And these arousals are what’s associated with your sort of interruption to your sleep quality. But some patients who desaturate, they don’t reach that arousal until it’s the point where you know, it is time to wake up. And often that could be the partner sticking an elbow in saying, you’ve held your breath for a minute now.

Just like you were saying you were distressed, looking at the breath hold of your child.
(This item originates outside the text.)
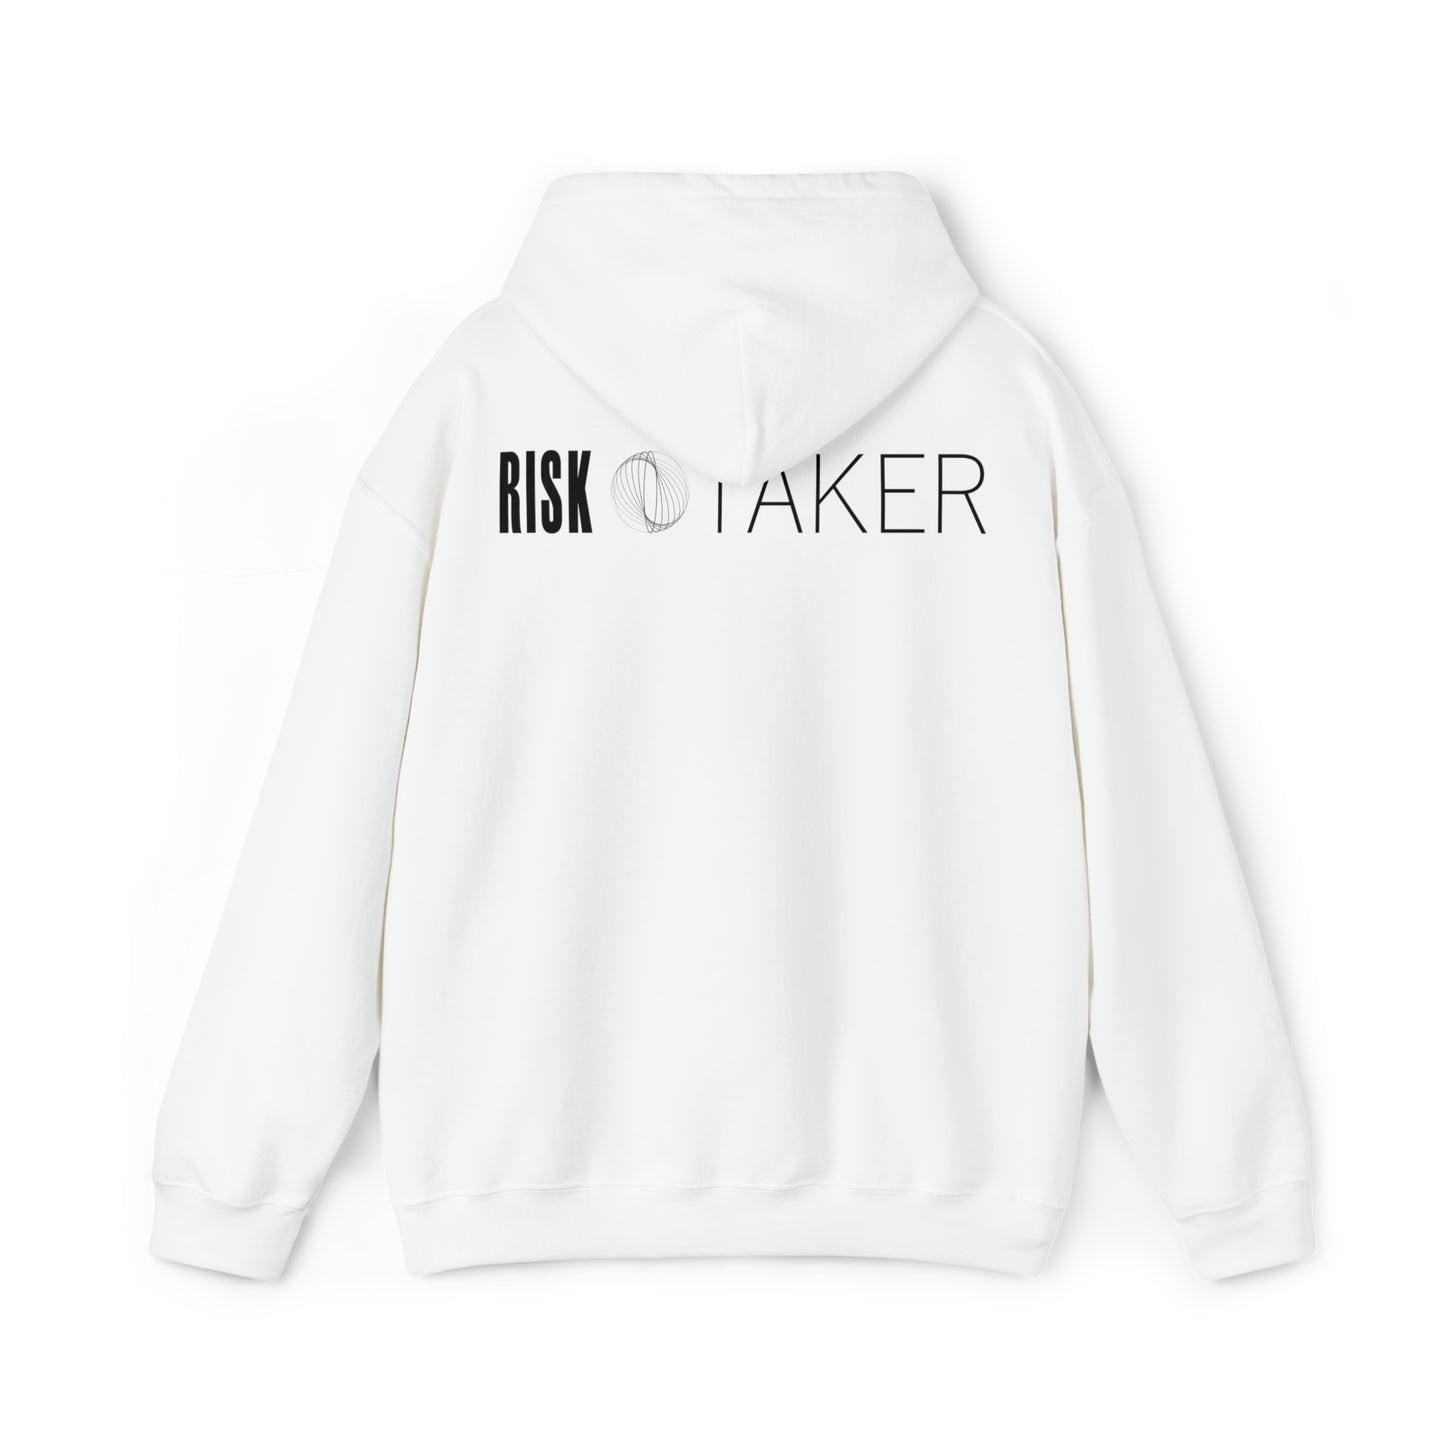 RISK TAKER Hooded Sweatshirt

We often have patients that come into the lab. And they’re not bothered about their snoring. They’re not bothered about this. They’re bothered about it, my partner says that I hold my breath and I’m disturbing her.

Is there anything we can do about that? And this is where the history taking and the conversation with the patient comes into it really, because what they want out of it isn’t always, fix my sleep apnea. I’m worried about my health. I’m snoring and it’s annoying my wife. 

[Jaz]
This is where AI hasn’t got shit on you, mate. You can see the whole patient, right? So, screw you, AI, Max is gonna keep his job. He’s gonna see the patient as a whole, listen to their concerns, yada, yada, yada. Dude, there’s so much to cover in this podcast. We’re just literally getting started here.
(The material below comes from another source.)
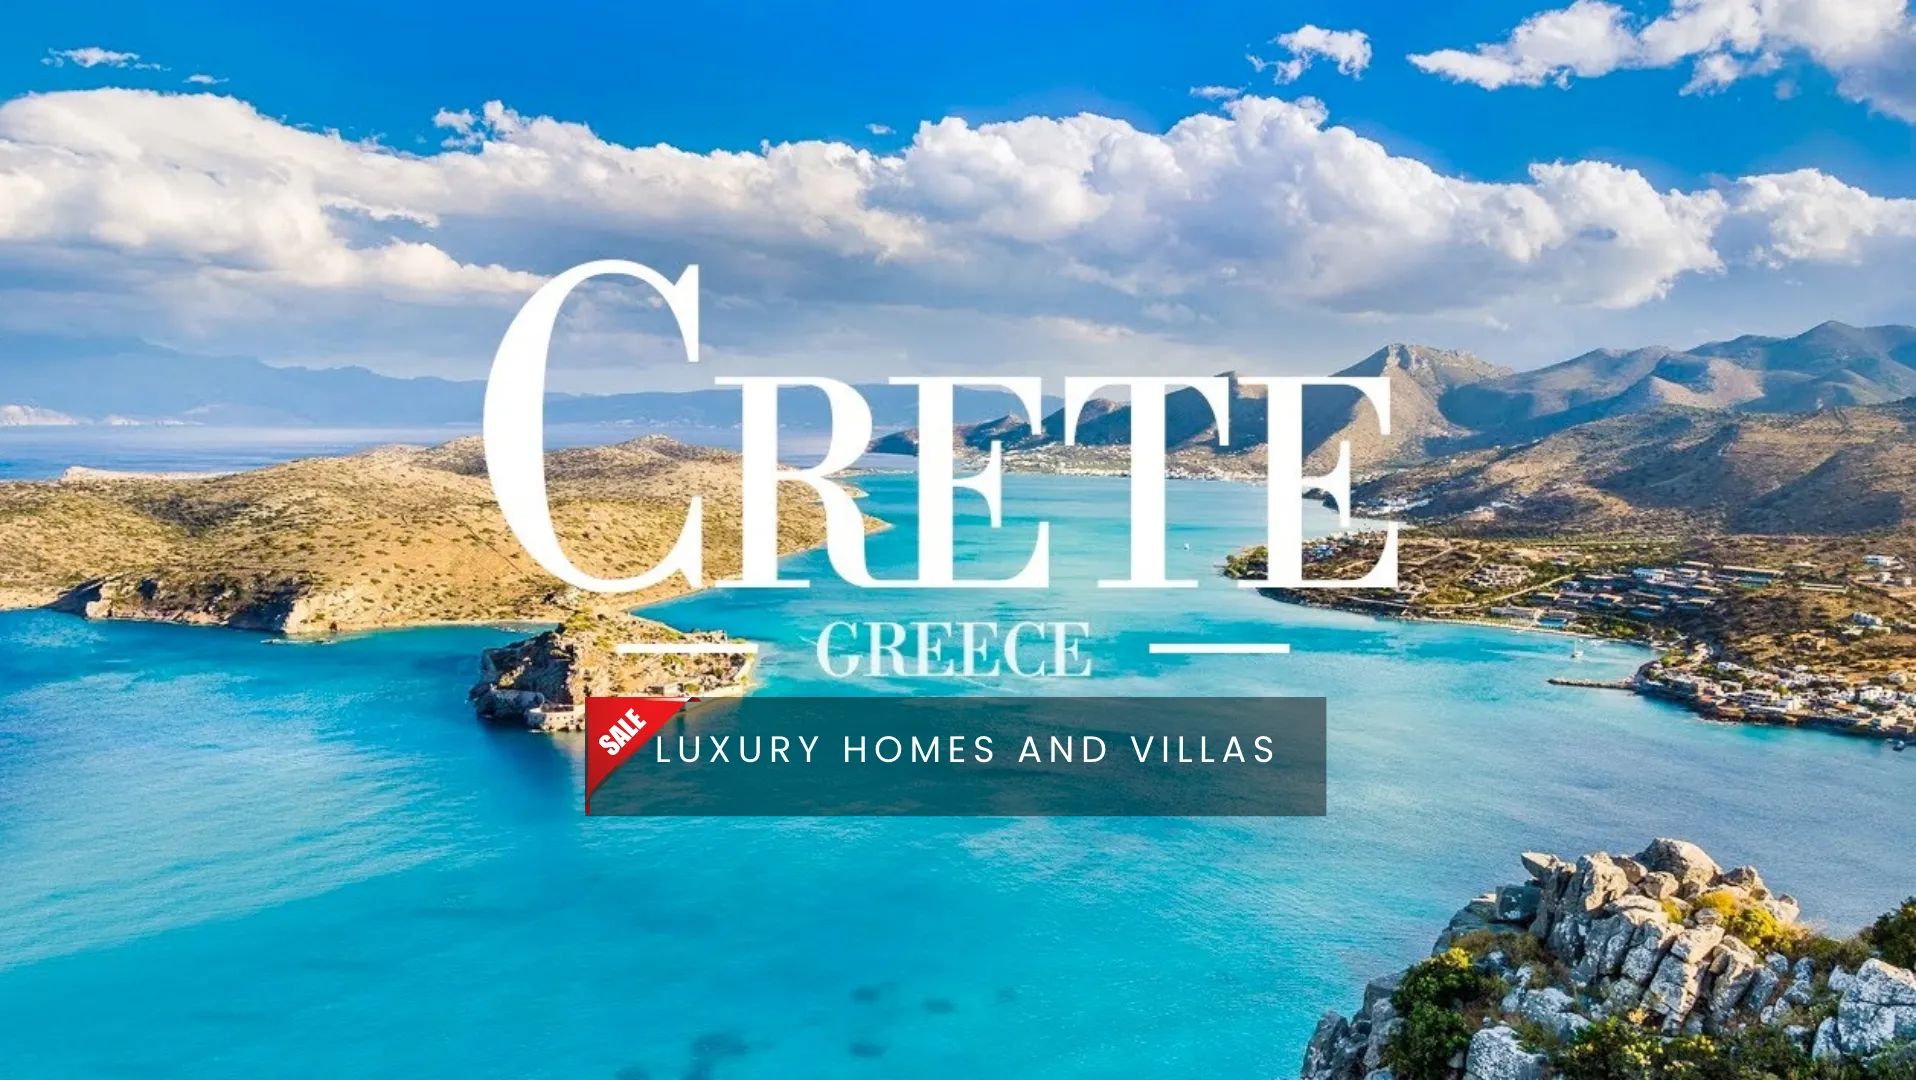 Property for sale in Crete, Crete Real Estate, Houses for sale in Crete

Okay. So this is awesome so far. So, we talked a little bit about what sleep apnea is and there’s so many other dental lectures people can go to, but I actually wanna really get into okay, what our role is and how we can actually get started.

So what kind of questions should we be asking our patients? So you said, yeah, no examination. We look into their mouth and we do a soft tissue exam anyway, so at that point I’ll do my Mallampati check. Okay. But a little bit before then I kind of look at ’em as they walk through. They look tired and sleepy.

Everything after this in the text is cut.